CTCF binding and the orientation of its consensus motif are important determinants of TAD borders25,27,37,38,39,40. Thus, the localisation and occupancy of convergent CTCF sites would be expected to impact TAD border definition. We used CTCF ChIP-seq datasets from ESCs to define how the CTCF-binding landscape influences TAD class structure. When we visually compared TAD classes with CTCF-binding profiles and motif orientations, we observed that loop domains were associated with prominent, and often clustered, convergent CTCF-binding sites at both domain borders (Fig. 4a). Meanwhile stripe domains had an increased number of CTCF-binding sites throughout the domain and often the strongest signal CTCF site was located at the anchored stripe border (Fig. 4b). These observations were supported with a genome-wide analysis which revealed context-specific CTCF occupancy and distribution differences among the TAD classes. First, there were more CTCF peaks within stripe domains compared to loop domains (KS test, p < 0.001) (Fig. 4c, Supplementary Fig. 4a). Second, the distribution of CTCF-bound motif orientations was correlated with TAD class. When considering all TADs, there was a preference for CTCF to be bound at forward motifs at the 5′ border and reverse motifs at the 3′ border (Fig. 4d), as previously reported. This bias for bound convergent motifs at TAD borders was similar in loop domains. However, while the forward motif preference was observed prominently at the anchored border of a 5′ stripe domain, there was not a strong bias for reverse motifs specifically at the unanchored border, but rather a lower level of motif bias more widely distributed within the domain, suggesting multiple possible reverse-motif partner sites for the anchored CTCF-binding site (Fig. 4d, Supplementary Fig. 4b, c). The complementary trend was observed in 3′ stripe domains. CTCF peaks under which no motif could be identified did not show biased distribution across TAD borders and the same trends were observed in NSCs (Supplementary Fig. 4b, c).
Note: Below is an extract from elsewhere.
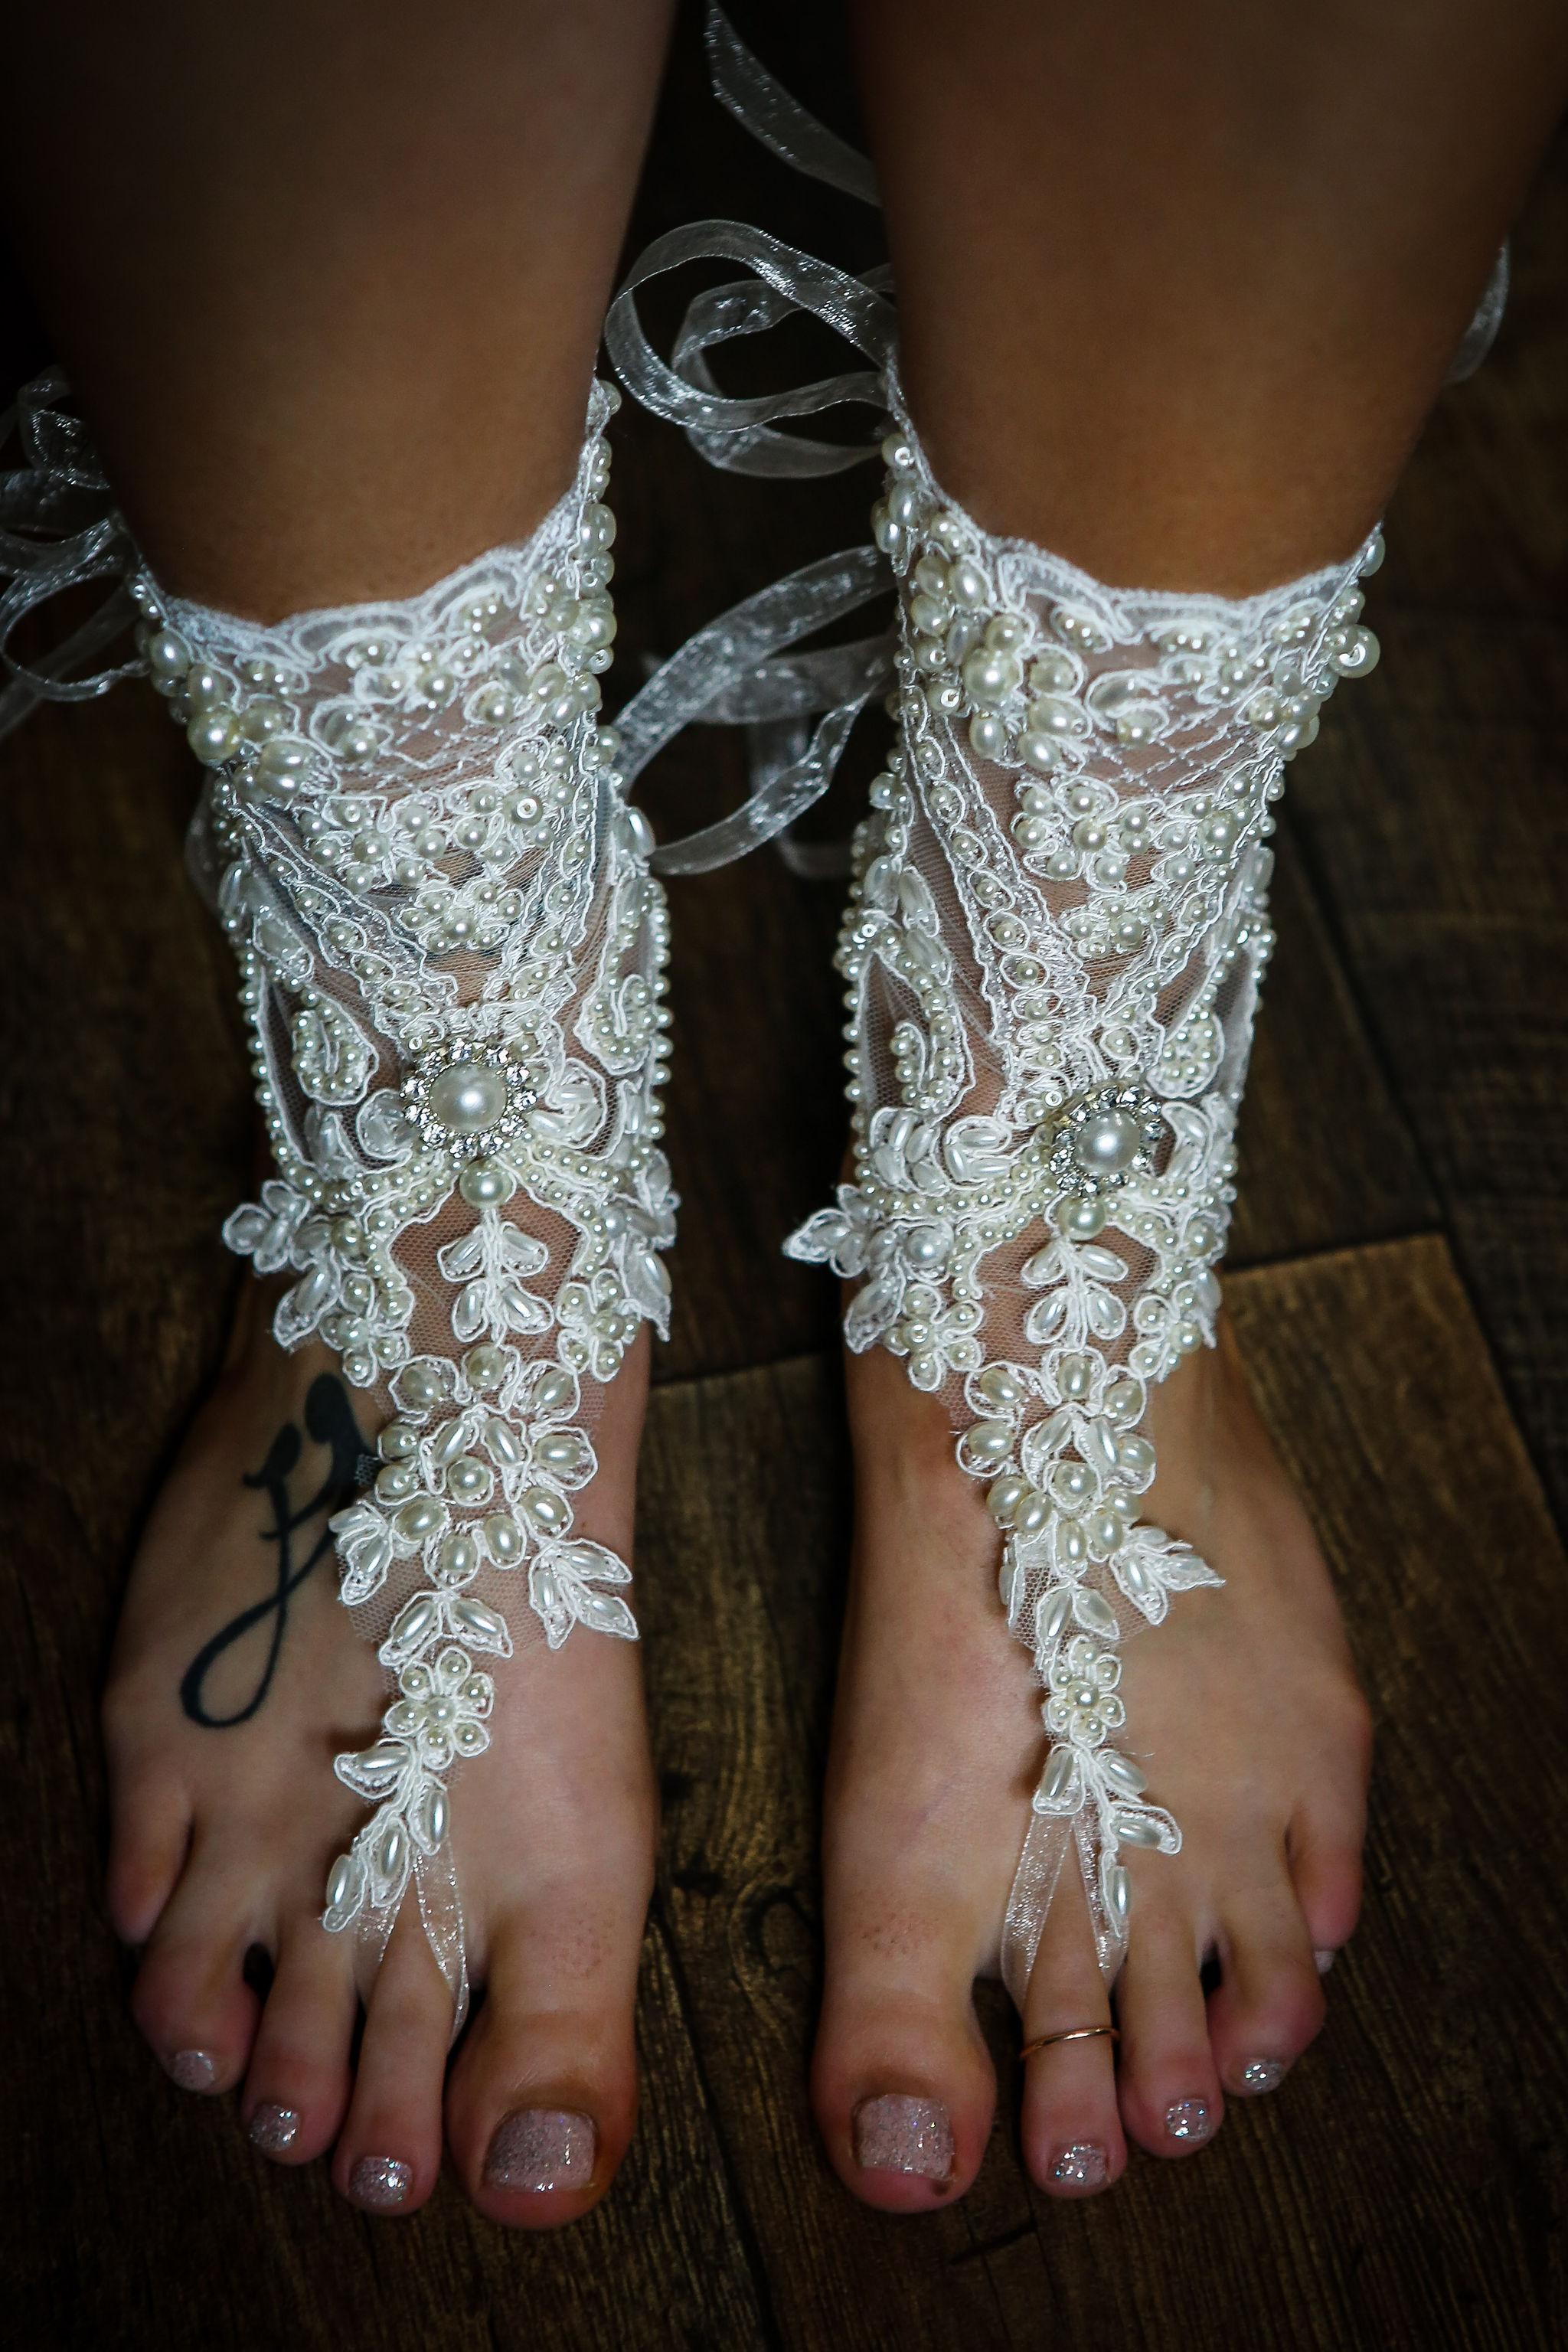 Harriet&Rhys Wedding - lace wedding footwear - wedding accessories

The differential distribution of CTCF signal and the differential bias for motif orientation suggests that TADs, guided by the CTCF landscape, have distinct potentials for structure formation. To further understand the relationship between CTCF sites and domain topologies, we calculated the intra-TAD distance between convergent CTCF pairs that could interact, stratified by TAD class. This revealed that the distances of convergent CTCF peaks in loop domains spanned a larger proportion of the TAD than in stripe domains (Fig. 4e, Supplementary Fig. 4d, median separation 64% compared to 31% for loop and stripe domains, respectively), and indicated that convergent CTCF sites in stripe domains mediate interactions that span shorter distances than the overall size of the TAD.
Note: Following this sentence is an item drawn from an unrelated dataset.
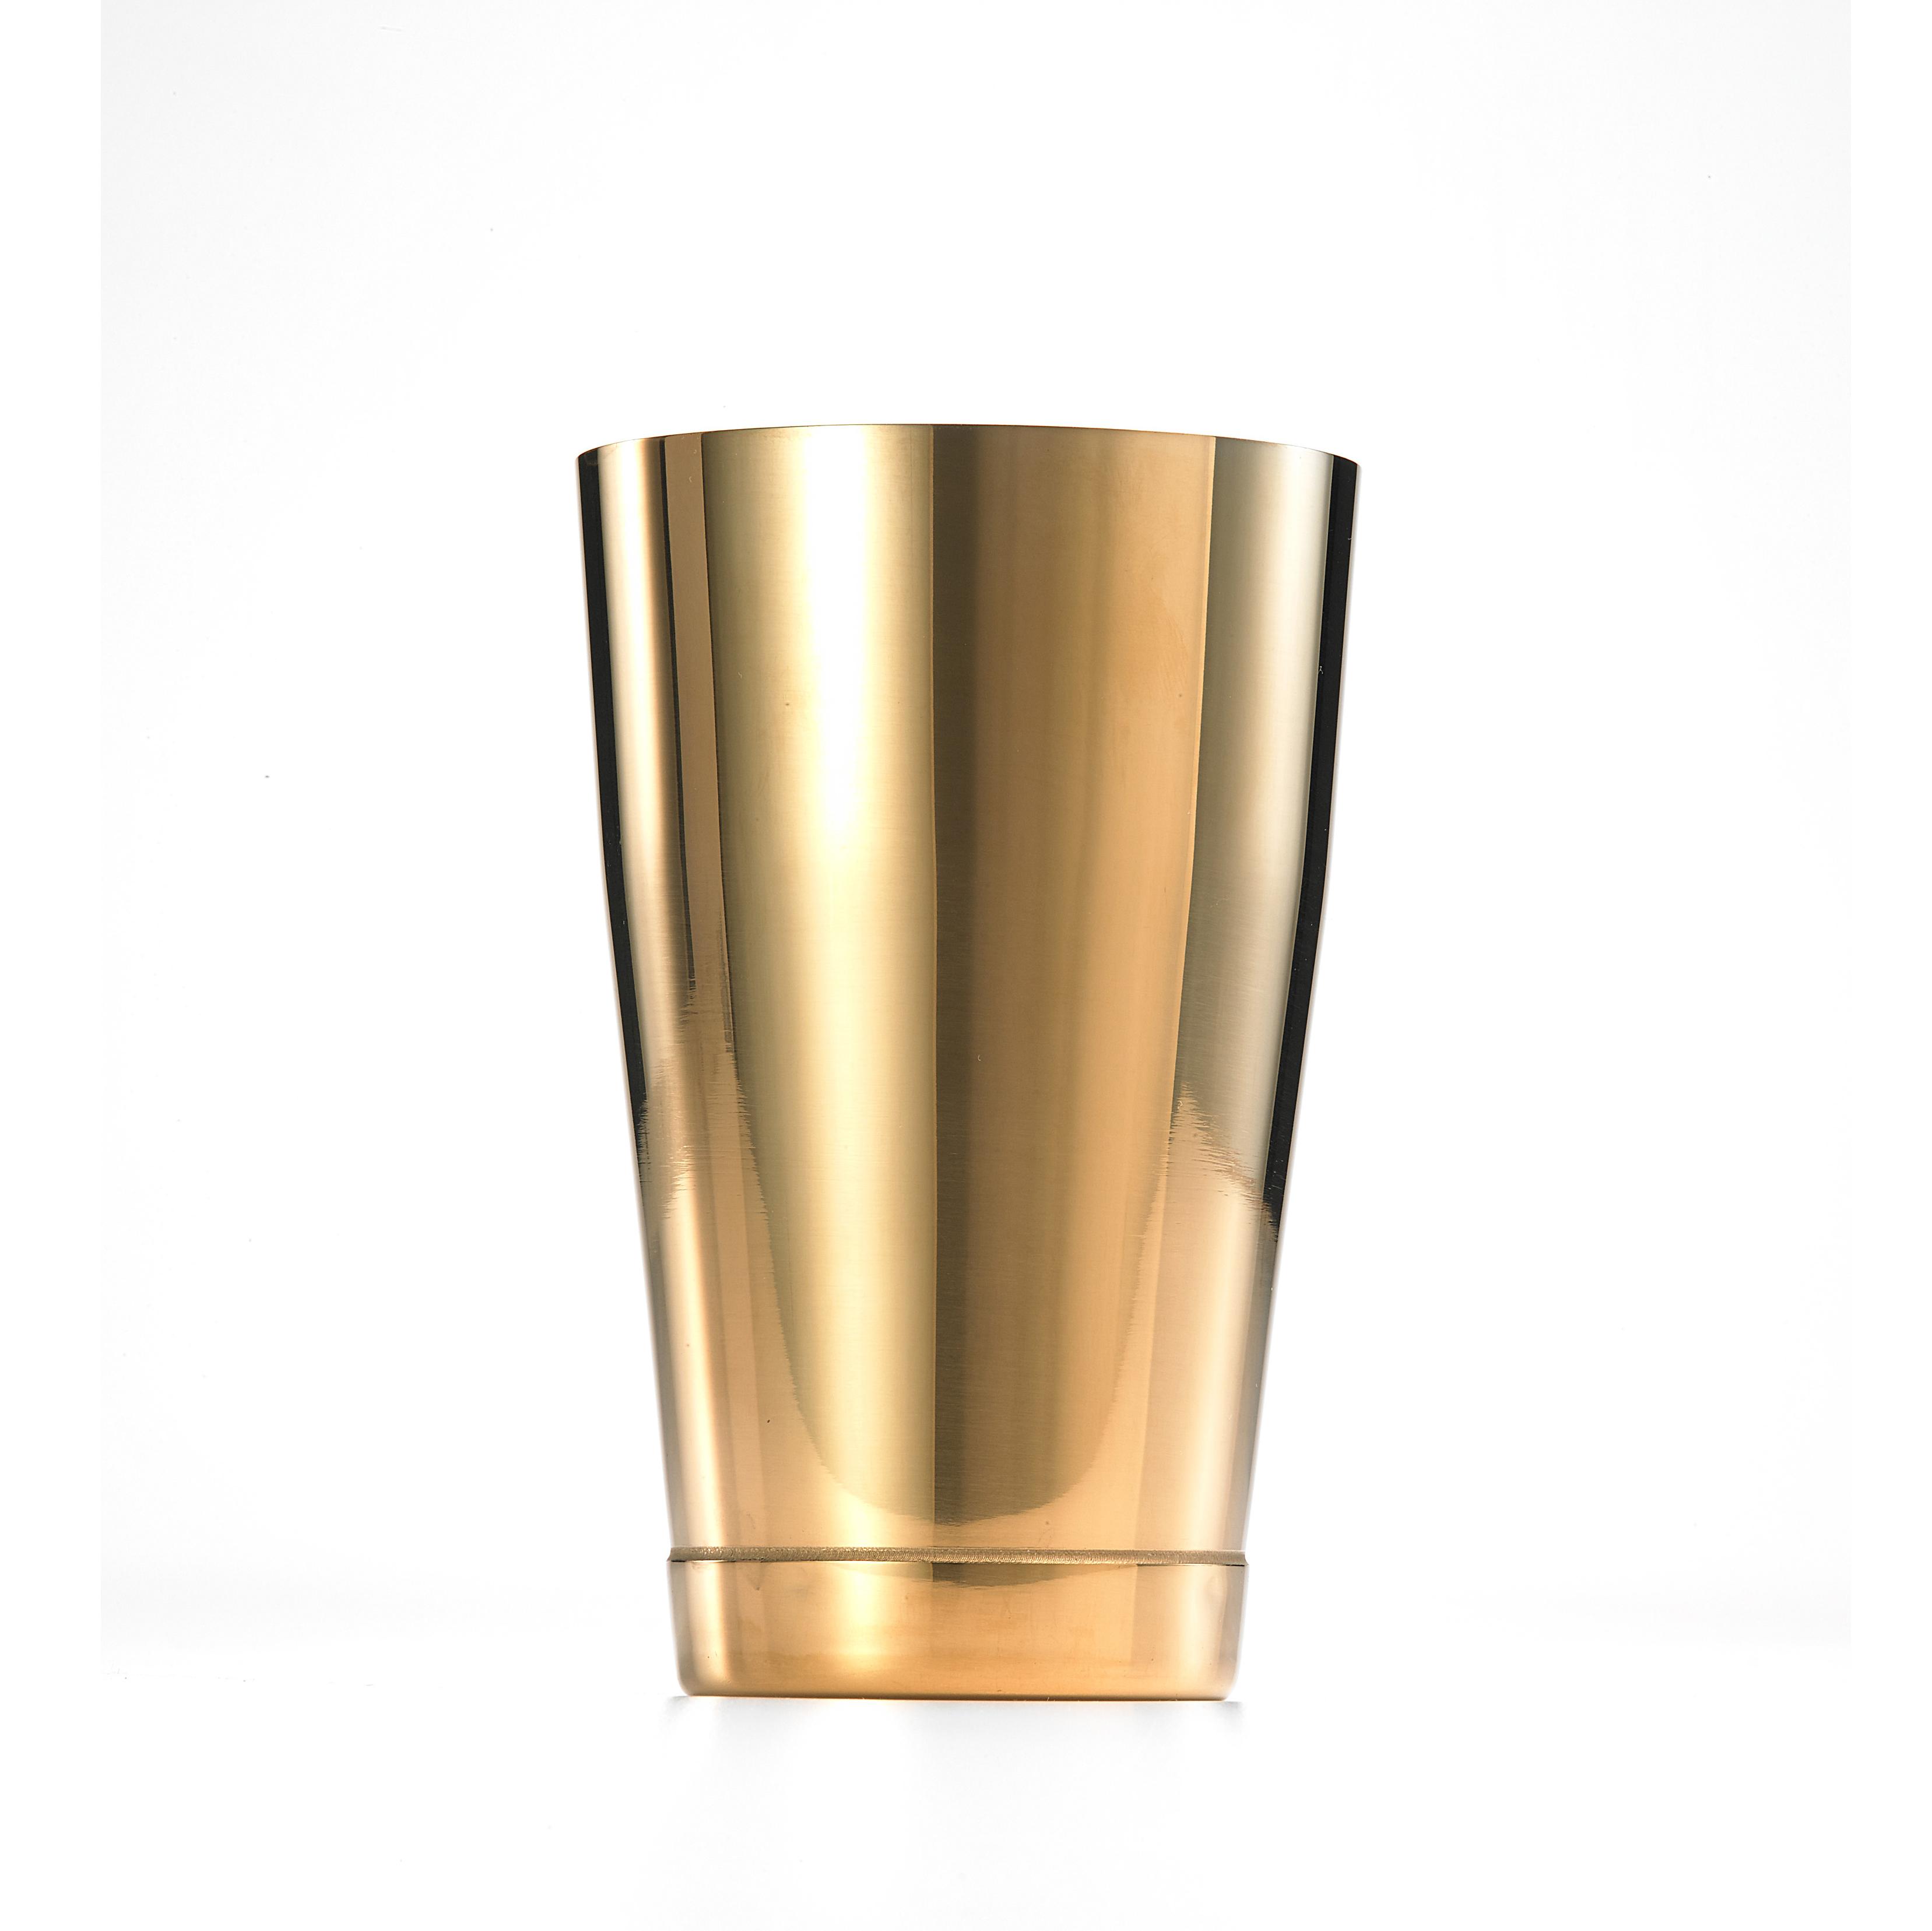 Barfly M37007GD bar cocktail shaker

To understand the strength of interactions associated with convergent CTCF sites in the different domain classes, we analysed the aggregate interaction signal from convergent intra-TAD CTCF pairs in each TAD class. While interactions between convergent CTCF pairs are enriched in all TAD classes, the interactions are strongest in loop domains (Fig. 4f, g). Contact enrichment scores in loop domains were significantly higher than in all ESC TADs (KS test, p < 0.001), but were weaker in stripe domains (KS test, p < 0.001). CTCF motif entropy could not account for these differences, since it was similar irrespective of TAD class (Supplementary Fig. 4e). Overall, our results reveal that differences in CTCF occupancy, distribution, and interaction potential act in concert to influence TAD architecture.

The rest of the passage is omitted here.